Ей доставляло удовольствие появляться с ним на людях — до того он был хорош. Она почему-то никогда раньше не обращала внимания на его внешность, а в Атланте все были слишком заняты обсуждением его недостатков и никто не обращал внимания на то, как он выглядит. Но здесь, в Новом Орлеане, она видела, как женщины провожают его взглядом и как они трепещут, когда он склоняется, целуя им руку. Сознание, что другие женщины находят ее мужа привлекательным и, возможно, даже завидуют ей, неожиданно преисполнило Скарлетт гордостью за то, что у нее такой спутник в жизни.
«А мы, оказывается, красивая пара», — не без удовольствия подумала она.
Да, как и предсказывал Ретт, от брака действительно можно получать уйму удовольствия. И не только получать удовольствие, но и научиться кое-чему. Это само по себе было странным, ибо Скарлетт считала, что жизнь уже ничему не может ее научить. А сейчас она чувствовала себя ребенком, которому каждый день сулил новое открытие.
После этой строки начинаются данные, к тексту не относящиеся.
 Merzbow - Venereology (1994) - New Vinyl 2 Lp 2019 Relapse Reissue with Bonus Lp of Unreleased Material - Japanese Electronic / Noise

Прежде всего она поняла, что брак с Реттом совсем не был похож на брак с Чарльзом или Франком. Они уважали ее и боялись ее нрава. Они выклянчивали ее расположение, и если это ее устраивало, она снисходила до них. Ретт же не боялся ее, и она часто думала о том, что он не слишком ее и уважает. Он делал то, что хотел, и лишь посмеивался, если ей это не нравилось. Она его не любила, но с ним, конечно, было очень интересно. И самое интересное было то, что даже во время вспышек страсти, которая порой была окрашена жестокостью, а порой — раздражающей издевкой, он, казалось, всегда держал себя в узде, всегда был хозяином своих чувств. «Это, наверное, потому, что на самом-то деле он вовсе не влюблен в меня, — думала она, и такое положение дел вполне ее устраивало. — Мне бы не хотелось, чтобы он когда-либо в чем-то дал себе полную волю». И однако же мысль о такой возможности щекотала ее, вызывая любопытство.
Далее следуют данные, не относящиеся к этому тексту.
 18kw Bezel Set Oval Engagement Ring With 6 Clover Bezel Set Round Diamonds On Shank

Живя с Реттом, Скарлетт обнаружила в нем много нового, а ведь ей казалось, что она хорошо его знает. Голос его, оказывается, мог быть мягким и ласковым, как кошачья шерсть, а через секунду — жестким, хрипло выкрикивающим проклятья. Он мог вроде бы откровенно и с одобрением рассказывать о мужественных, благородных, добродетельных, подсказанных любовью поступках, коим он был свидетелем в тех странных местах, куда его заносило, и тут же с холодным цинизмом добавлять скабрезнейшие истории. Она понимала, что муж не должен рассказывать жене таких историй, но они развлекали ее, воздействуя на какие-то грубые земные струны ее натуры. Он мог быть страстным, почти нежным любовником, но это длилось недолго, а через мгновение перед ней был хохочущий дьявол, который срывал крышку с пороховой бочки ее чувств, поджигал запал и наслаждался взрывом. Она узнала, что его комплименты всегда двояки, а самым нежным выражениям его чувств не всегда можно верить. Словом, за эти две недели в Новом Орлеане она узнала о нем все — кроме того, каков он был на самом деле.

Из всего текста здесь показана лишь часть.